NAPG: Non-Autoregressive Program Generation for Hybrid Tabular-Textual Question Answering

TL;DR

This paper introduces a non-autoregressive framework for program generation in hybrid tabular-textual QA, significantly improving speed and accuracy over autoregressive methods by independently generating complete program tuples.

Contribution

It proposes a novel non-autoregressive approach that addresses error propagation and enhances speed in program generation for hybrid QA tasks.

Findings

Achieves state-of-the-art performance on ConvFinQA and MultiHiertt datasets.

Boosts program generation speed by 21 times.

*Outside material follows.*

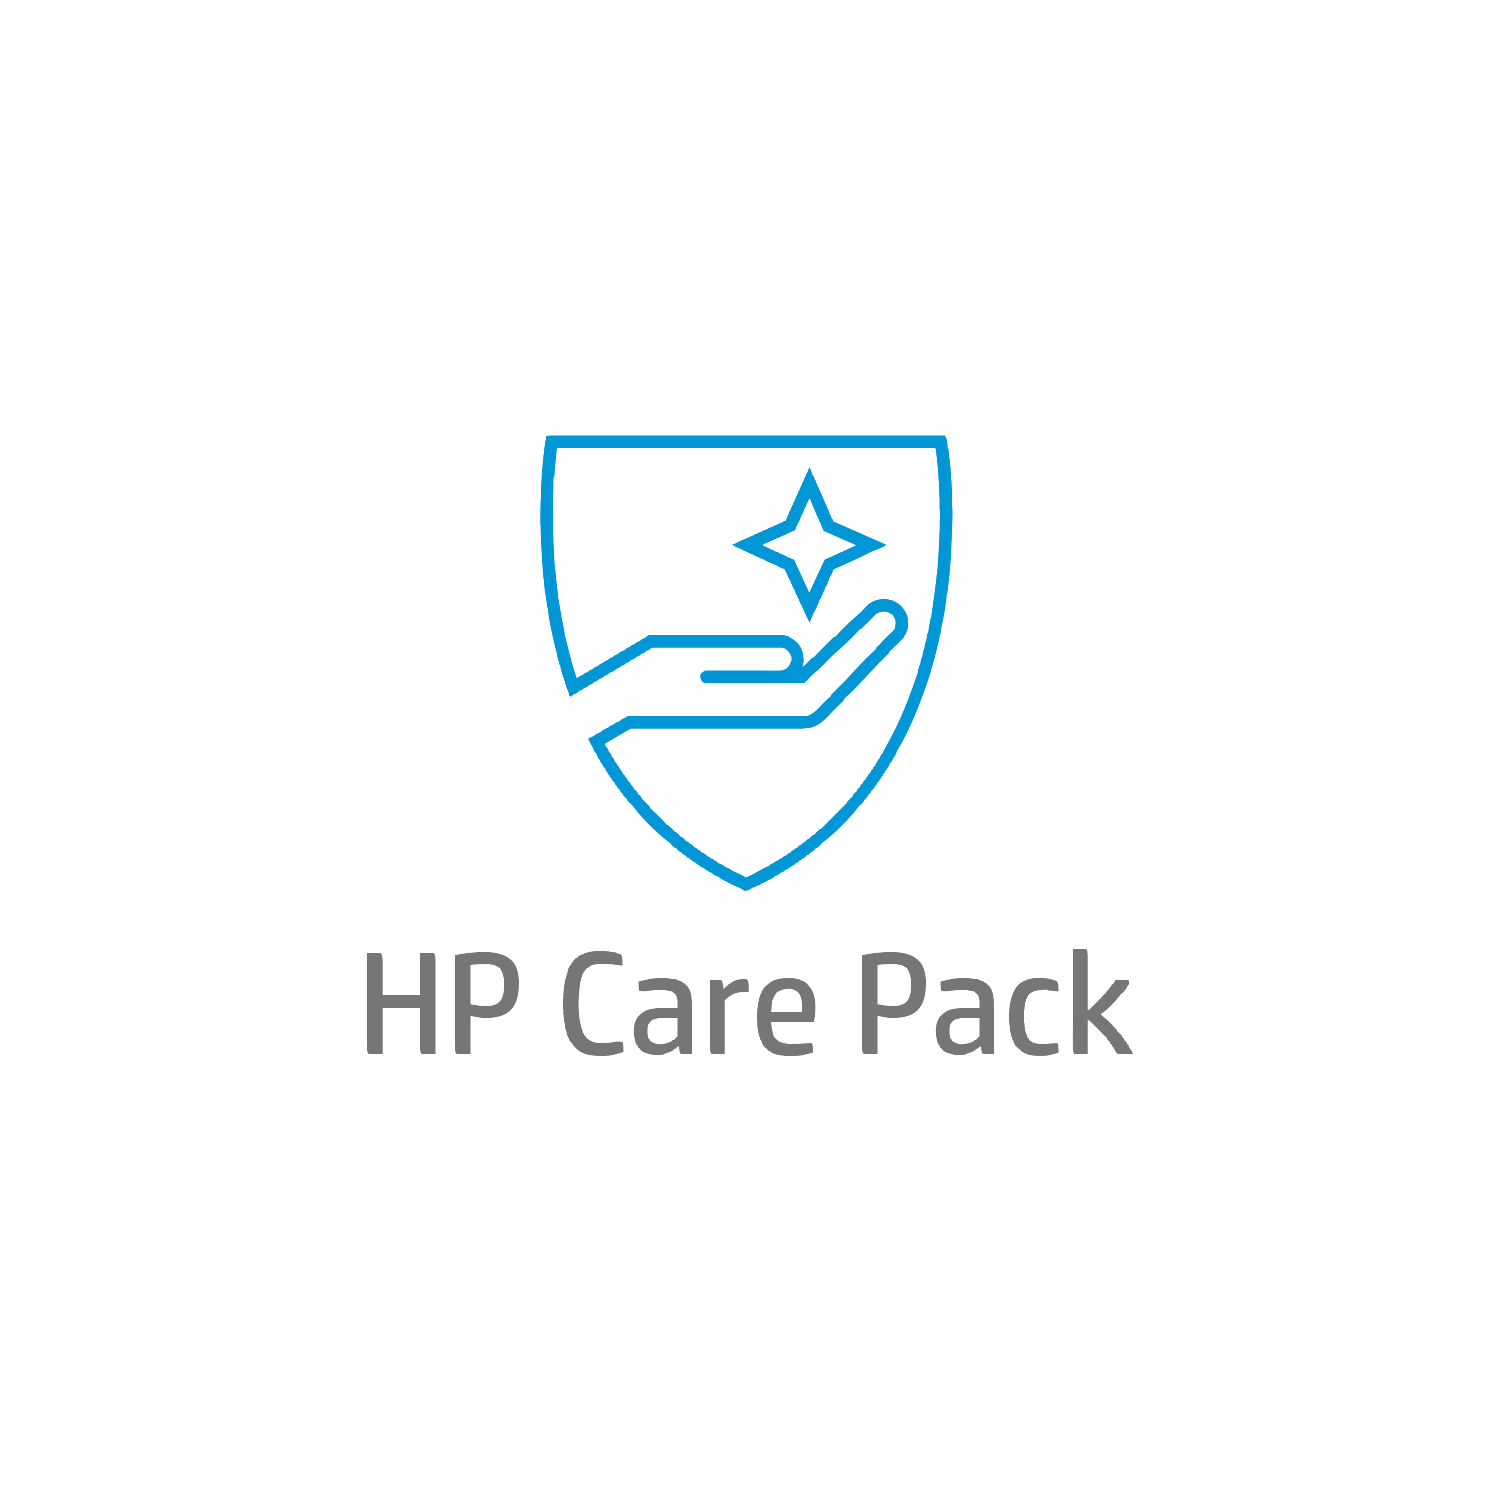 Bild von HP 1 Jahr Hardware-Support nach Garantieablauf mit Abhol- und Rückgabeservice für Notebooks - 1 Lizenz(en) - 1 Jahr(e)
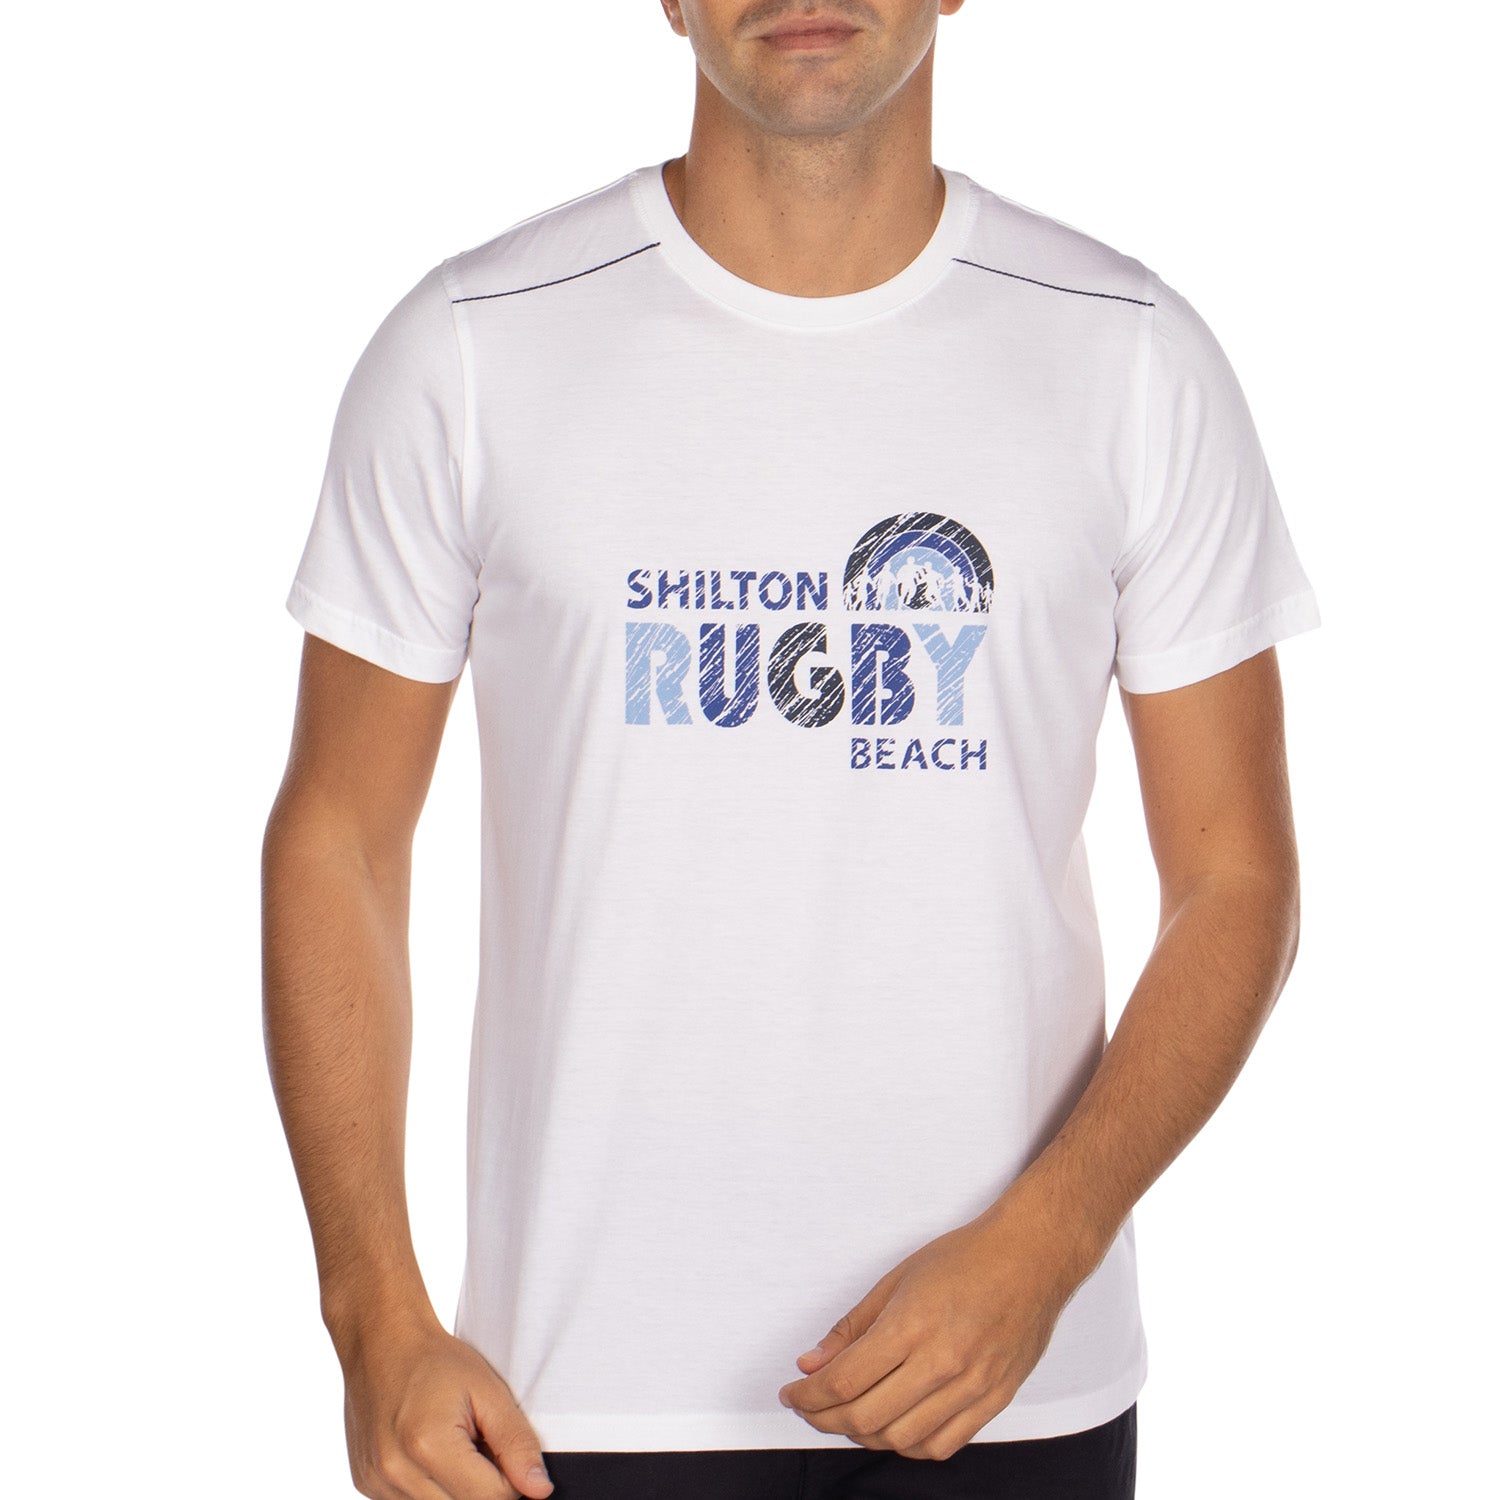 T-shirt beach rugby

Reduces performance drop with increasing numerical reasoning steps.

Abstract

Hybrid tabular-textual question answering (QA) requires reasoning from heterogeneous information, and the types of reasoning are mainly divided into numerical reasoning and span extraction. Current numerical reasoning methods autoregressively decode program sequences, and each decoding step produces either an operator or an operand. However, the step-by-step decoding suffers from exposure bias, and the accuracy of program generation drops sharply as the decoding steps unfold due to error propagation. In this paper, we propose a non-autoregressive program generation framework, which independently generates complete program tuples containing both operators and operands, can address the error propagation issue while significantly boosting the speed of program generation. Experiments on the ConvFinQA and MultiHiertt datasets show that our non-autoregressive program generation method can bring about substantial improvements over the strong FinQANet (+5.06 Exe Acc and +4.80 Prog Acc points) and MT2Net (+7.97 EM and +6.38 F1 points) baselines, establishing the new state-of-the-art performance, while being much faster (21x) in program generation. Finally, with increasing numbers of numerical reasoning steps the performance drop of our method is significantly smaller than that of the baselines. Our code will be publicly available soon.